Indeed, despite the fact that SNR and contrast are the most commonly used metrics for the sensitivity assessment of various systems,^1,26 there are only a few studies comparing different FIGS systems, most of which are optimized for ICG imaging.^9,19,27 In addition, the formulas used to calculate SNR and contrast and methods for evaluating background ROIs vary across different studies. In a recent study, LaRochelle et al.²⁸ demonstrated the influence of background definition in SBR, SNR, CNR, and contrast-to-variability ratio through measurements on anthropomorphic three-dimensional (3D)-printed phantoms. However, to the best of our knowledge, there is no study quantifying the effect of the combined variation (ROIs and metrics formulas) on performance assessment. An in-depth testing and evaluation of current strategies are crucial to raise community awareness of existing limitations, to spur effective development of the technology, and to set the performance limits that are required for regulatory approvals.

Building on the assumption that the SNR and contrast metrics depend on the selection of background ROIs and quantification formulas, herein, for the first time, we systematically investigate and showcase this dependence with regard to the sensitivity assessment of markedly different FMI systems.

In specifics, using six near-infrared FMI systems, we captured fluorescence images of a composite rigid phantom previously developed by our group.^11,18,19 We then assessed the sensitivity¹⁹ of those systems using six previously published formulas for SNR and contrast^17,29–33 and two background locations. Moreover, based on these metrics, we quantified the corresponding benchmarking (BM) scores,¹⁹ and the systems were ranked based on these scores.

Recently, we called attention to the need for a commonly accepted phantom to promote good imaging practices during the development of FMI systems or their use in clinics.¹ We now pinpoint additional needs to consistently define ROIs and use common quantification formulas for SNR and contrast. Answering these needs will enable consistency, allow data comparison and referencing, and advance the quality and performance of FMI systems. These improvements will promote wide acceptance and usage of FMI as a tool for interventional and endoscopic procedures.

2.

Materials and Methods

2.1.

FMISystems

For this study, we used six fluorescence imaging systems distributed in different labs in the United States and Europe. The main specifications of each system, as well as the adopted phantom imaging protocols, are summarized in Table 1, while the corresponding system schematics are presented in Fig. 1. All measurements were conducted in darkness to eliminate the influence of ambient light on the results.

Table 1

FMI systems used in this study and the corresponding imaging protocols.

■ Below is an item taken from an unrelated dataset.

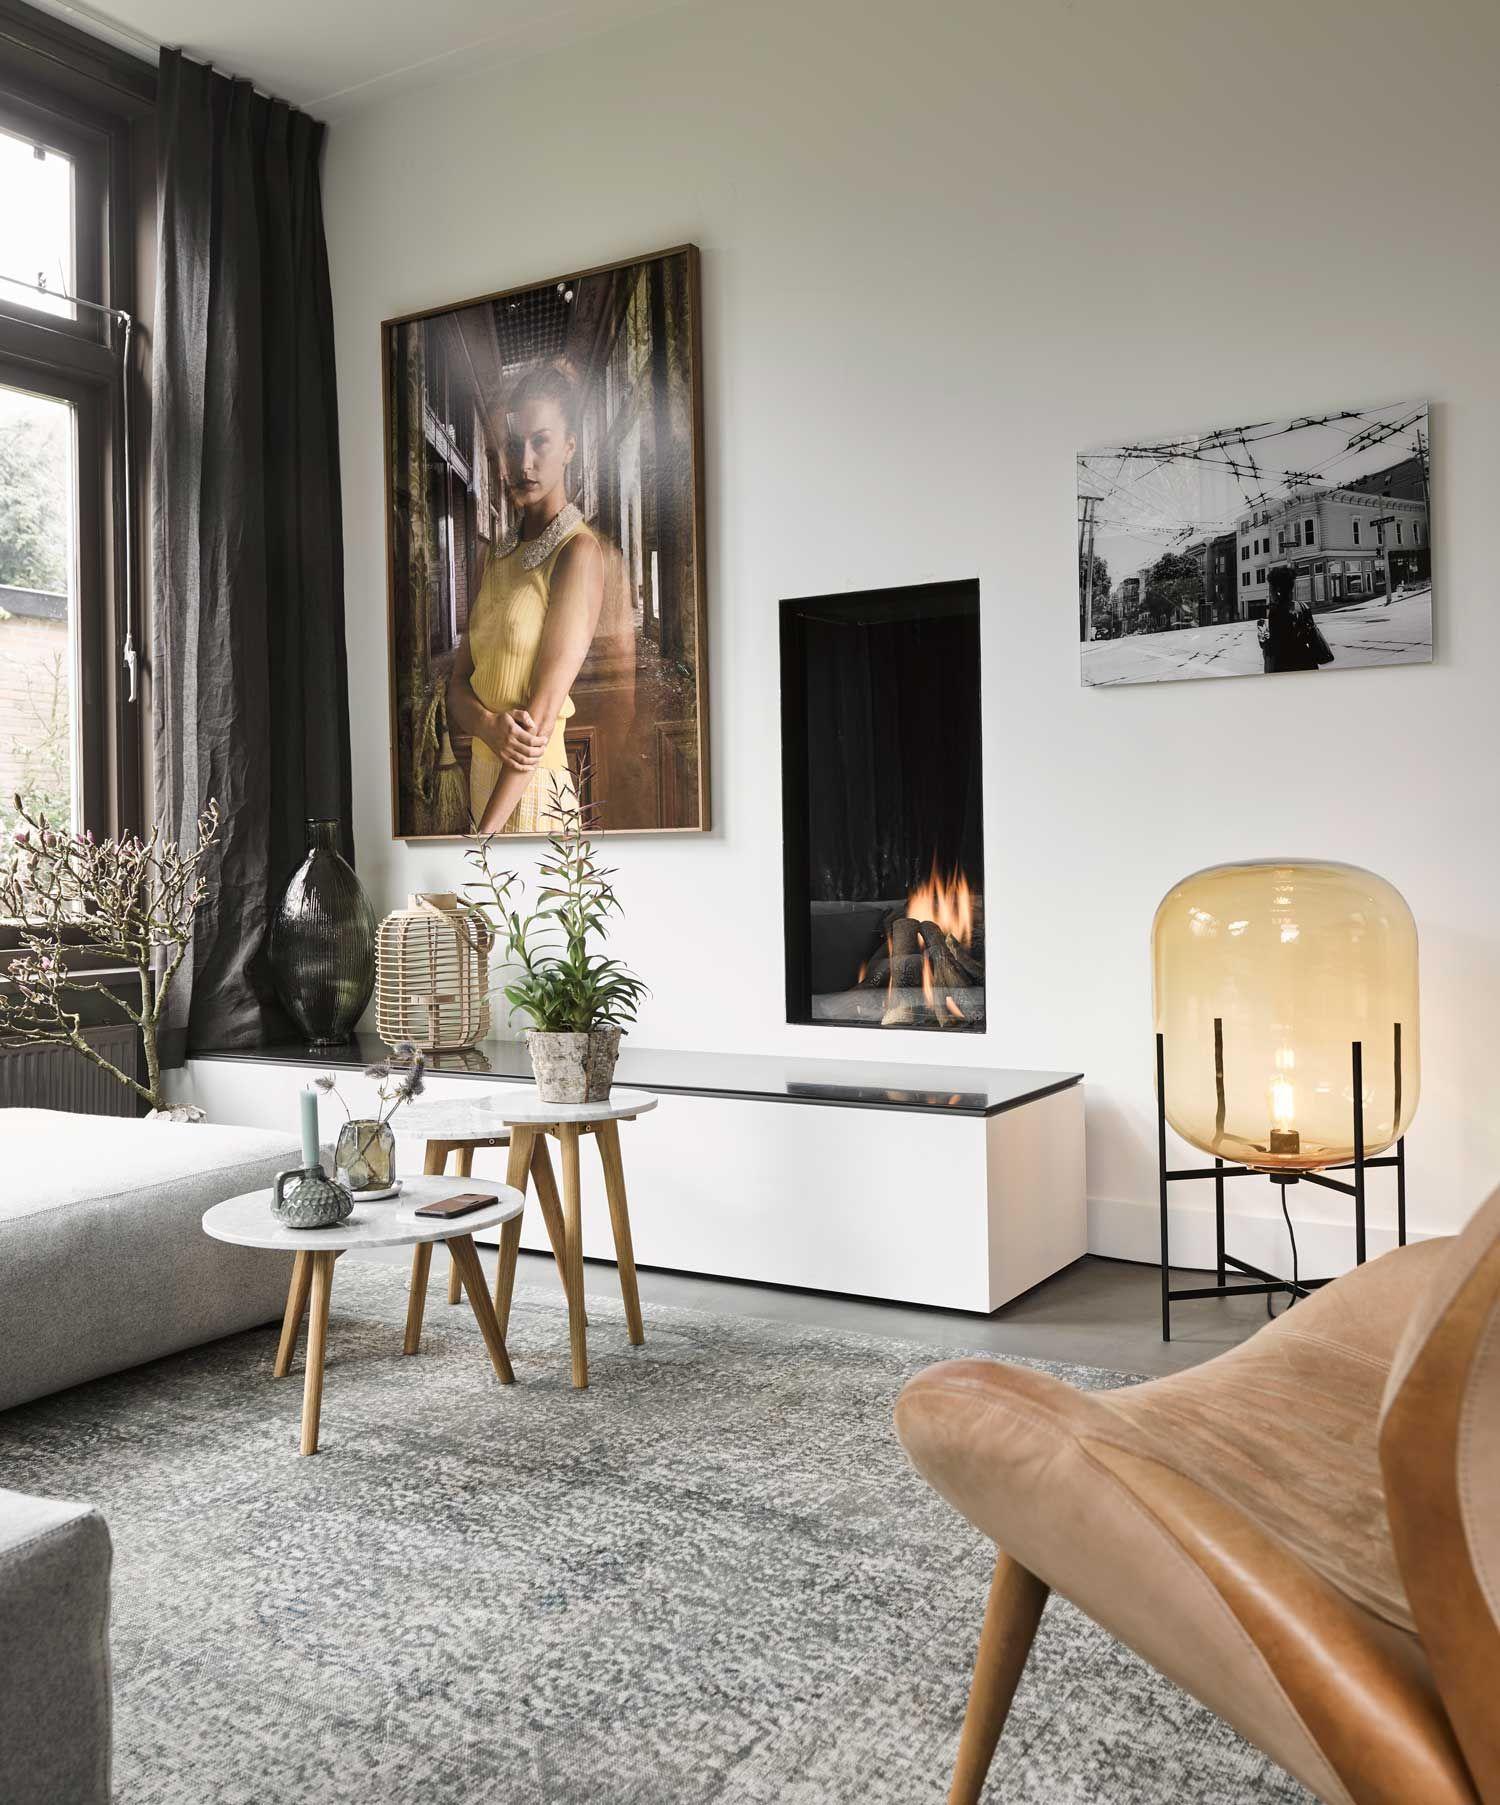 Interiordesign #livingroom #couch #carpet #art #lighting #woonkamer ...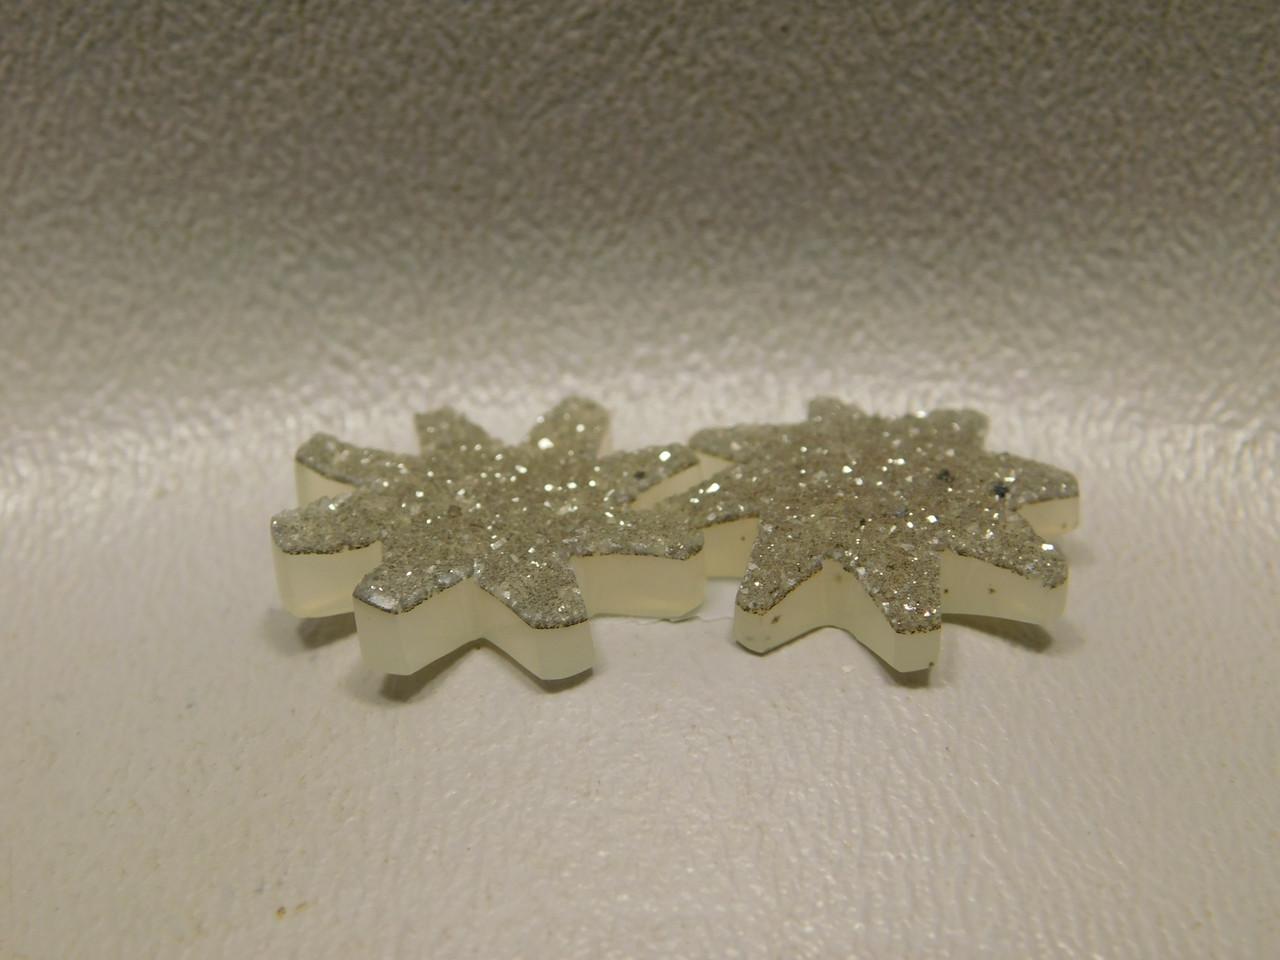 Druse Agate Drusy Crystal Designer Cabochon Star Shaped #5

Name	Sensor	Bit depth (bit)	Resolution (pixels)	Wavelengths (nm, excitation/emission)	Exposure time (sec)	Working distance (mm)	Fluence ratea (mW/cm2)	Reference
Mob	CMOS camera	8	$3264\times 2448$	785/825	0.1	150	12.5	34
NIRF I	Apogee Camera-Alta U2020ML	16	$1600\times 1200$	785/825	1	750	0.74	35
NIRF II	Kodak KAI-2020M	16	$2758\times 2208$	785/825	1	750	12.5	Not available
Solaris	Fluorescence sCMOS camera	16	$2200\times 2500$	730/800	dependent on the video rate	700	10	PerkinElmer®Solaris
RawFl	sCMOS camera	16	$1024\times 1024$	760/800	0.2	450	1.5	36
Hybrid	EMCCD camera	16	$512\times 512$	750/810-90	0.1	150	15.5	37

^aAt the phantom surface.

Fig. 1

Schematic diagrams of the fluorescence imaging systems used in the study. (a) Mob—adapted with permission from Ghassemi et al.³⁴ (b) NIRF I/NIRF II—adapted from Kanniyappan et al.³⁵ (c) Solaris—adapted and modified from Behrooz et al.³⁸ (d) RawFl—adapted from Ségaud et al.³⁶ (e) Hybrid—adapted with permission from Glatz et al.³⁷ CCD, charge-coupled device; F, filter; LED, light-emitting diode; LD, laser diode; L, lens; EMCCD, electron-multiplying charge-coupled device; RL, relay lens; DM, dichroic mirror; CW, continuous wave; sCMOS, scientific complementary metal oxide semiconductor; LCTF, liquid crystal tunable filter; D, diffuser; DMD, digital micro-mirror device; NIR2, near-infrared camera.

Mob is a mobile phone-based near-infrared fluorescence (NIRF) imaging system previously,³⁴ where its spectral sensitivity was documented. It involves a 1W 785-nm laser diode, an 800-nm short-pass excitation filter (84-729, Edmund Optics, Barrington, New Jersey, United States), and a long-pass emission filter with a cutoff wavelength at 825 nm (86-078, Edmund Optics) for the detection. The phone camera is based on an 8-bit complementary metal oxide semiconductor (CMOS) sensor with an f/2.4 aperture lens (Eigen Imaging, Inc., San Diego, California, United States) and a near-infrared blocking filter, which was removed during this study.

NIRF I is a custom benchtop NIRF imaging system³⁵ with a light-emitting diode (M780L3, Thorlabs, Inc., Newton, New Jersey, United States) centered at 780 nm and power of 200 mW. The same optical filters used with the Mob system were also used in the NIRF I imaging system. A 16-bit charge-coupled device camera (Alta U2000, Apogee Imaging Systems, Roseville, California, United States) coupled with a zoom lens (7-mm focal length, f/3.9, Tamron, Commack, New York, United States) was used for the detection of the emitted fluorescence.

NIRF II is an updated version of the NIRF I imaging system. Its main improvement is the replacement of the imaging sensor with the more sensitive Kodak KAI-2020M (Image Sensor Solutions Eastman Kodak Company, Rochester, New York, United States), while fluorescence was induced by a laser diode at 785 nm and 1W power, instead of the light-emitting diode present in NIRF I system.

Solaris is an open-air commercially available fluorescence imaging system by PerkinElmer (Waltham, Massachusetts, United States). The Solaris system is designed for research applications, including preclinical studies for advanced molecular-guided surgery, and drug efficacy and safety measurements.

RawFl is a custom-built setup³⁶ with a filtered 760-nm laser diode (LDX Optronics, Maryville, Tennessee, United States) light source, a 16-bit scientific complementary metal oxide semiconductor (sCMOS) camera (pco.edge 5.5, PCO AG, Kelheim, Germany) as a detector and polarizers (PPL05C; Moxtek, Orem, Utah, United States) for minimizing the contribution from specular reflections at the surface of the sample.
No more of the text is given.